When I had read through it the first time, I was in 8th grade and had very little literary understanding– I just liked the analogies and the pretty pictures. The second time, I was a little older, somewhere in the middle of my freshman year. I remember around that time of year being especially boring for me– not having a lot of emotional conflict to sift through– so I couldn’t relate with the book: I do know I understood it better. When reading the book for about the third time earlier this year, I changed my outlook from enjoying the writing to wanting to understand it better. And I did.
Something I didn’t notice before I opened myself up to analysis was the carefully selected word choice. Poetry is all about feeling. If the author wants to make you sad, they’ll make you sad. If they want you to feel unconditional love, you bet you’ll feel unconditional love. If they want you to feel a seething, uncontrollable anger, you’ll want to punch a hole through a wall or into someone’s face. A poet’s skill is to find the exact right combination of words that, if put any other way would lose its meaning.
One example of Kaur’s canny wordsmanship would be on page 160, in “the healing” chapter. It goes like this: “it takes grace/ to remain kind/ in cruel situations.” This in itself is nothing special– the causal message is to “kill them with kindness.” It is one of the themes in the book and there are several other poems that inherently say the same thing.
What makes this one stand out are only two words. “Grace” and “cruel.” Synonyms for grace include compassion, goodness and love. Why not use any of these words?
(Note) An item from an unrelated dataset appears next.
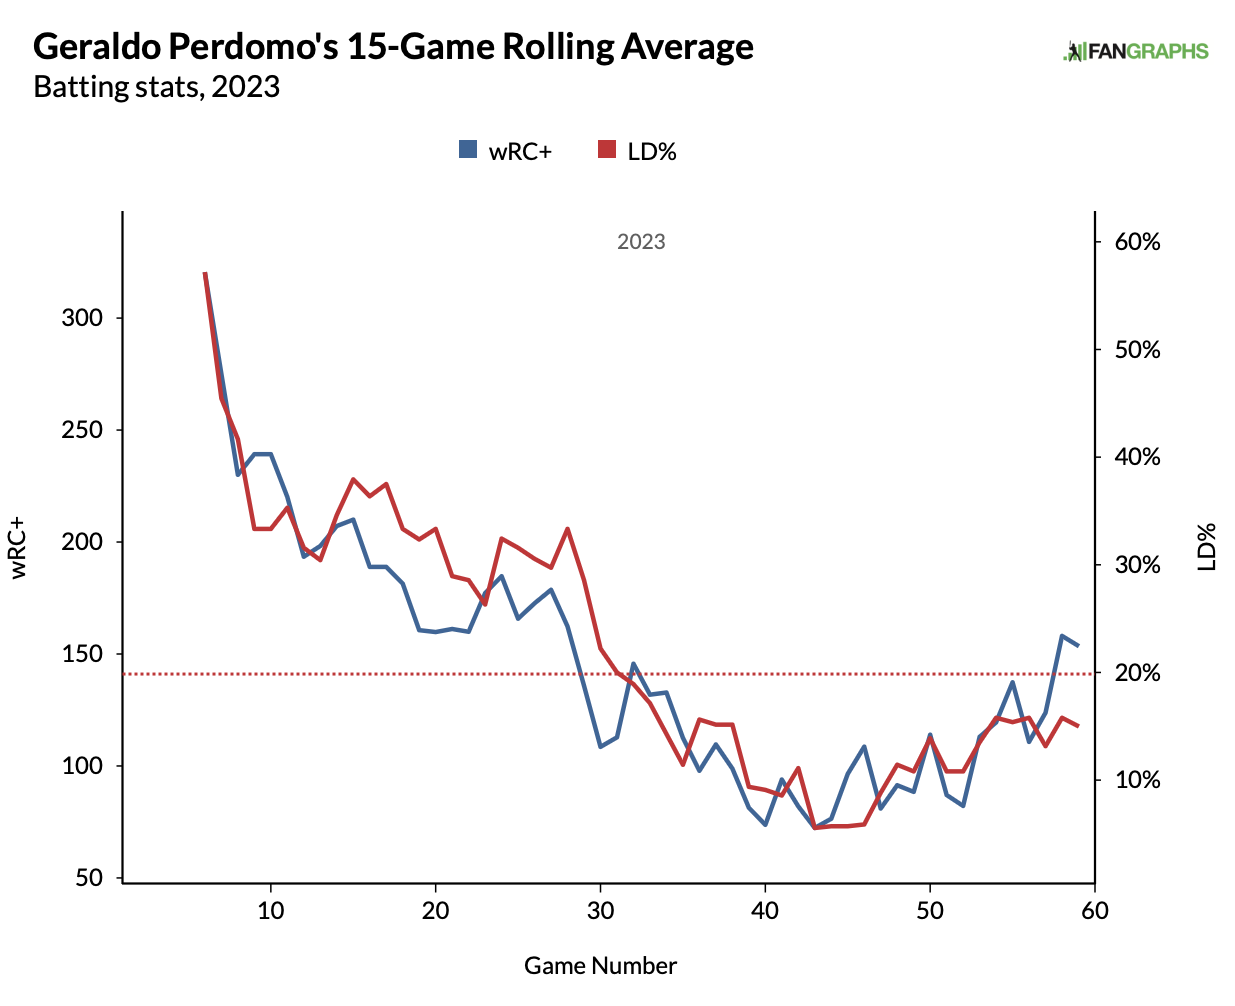 Geraldo Perdomo wRC+ versus line drive for the 2023 season via FanGraphs.

The definition of grace is “implies a benign attitude and a willingness to grant favors or make concessions” according to Merriam-Webster. Using “grace” is an active choice. It is not something that is morally right, like giving compassion or acting in goodness would be. It is a distinctive decision to do the right thing in light of something cruel. The same goes for that word too– the definition of cruel is to “willfully cause pain and suffering.” The line wouldn’t have the same impact if it said “…to remain kind/ in bitter situations.” Bitter implies that the conditions are induced because of what has happened in the past. “…to remain kind/ in ruthless situations” doesn’t work either because the definition of ruthless is to have “no pity or compassion for others.” Using “grace” and “cruel” gives more meaning to the poem because it tells the reader that the situation is not happening because of a bad environment, or because of societal pressures– it’s directly human error, it is choices being made.
Another theme in the book is femininity. The beginning of the book painfully depicts how the author was sexually abused by an uncle and grew to be silenced and left alone by her father. In “the hurting” chapter, Kaur writes “when my mother opens her mouth…/my father shoves the word hush/ between her lips…/ this is how the women in my family/ learned to live with their mouths closed” and “you were so afraid/ of my voice/ i decided to be/ afraid of it too.” Both are examples of the pain and barriers that Kaur was exposed to at a young age.
Reading this book helped develop my feelings around femininity as a concept. Femininity is not just a certain look or the way someone acts, it’s being supported and supporting the women around you. Femininity is finding strength when you don’t think you can, it is growing in the face of adversity and it is sticking up for others when they can’t stick up for themselves.
In “the healing” chapter, it shows the growth of her voice, confidence and proof of learning when she said “how you love yourself is/ how you teach others/ to love you” and “we all move forward when/ we recognize how resilient/ and striking the women/ around us are.” In between, the chapters of “the loving–” which gave us the first look into building self-love before we can truly appreciate the love of others– and “the breaking–” which told us that no matter how hard others are putting us down, especially when taking women for granted and treating them like no more than playthings, it is ok to feel hurt and it doesn’t make us weak. The progression of the hills she had to climb to be able to eventually change her mindset from living with her mouth closed to total personal development and sisterhood proves that no matter the challenge, being inherently strong is such a powerful feminine trait.
Reading this book gave me comfort that healing means being vulnerable and femininity is more than being delicate and soft, it is being supported and loved by my sisters and finding inner peace with myself. Reading this book gave me the ok to let go– of the things in the past I’m still holding onto, of the fears of being myself and the weakness of doing it all by myself. Reading this gave me hope for a future full of love and a rollercoaster of lessons that I can’t learn unless I experience them myself. Reading this makes me ecstatic for my journey.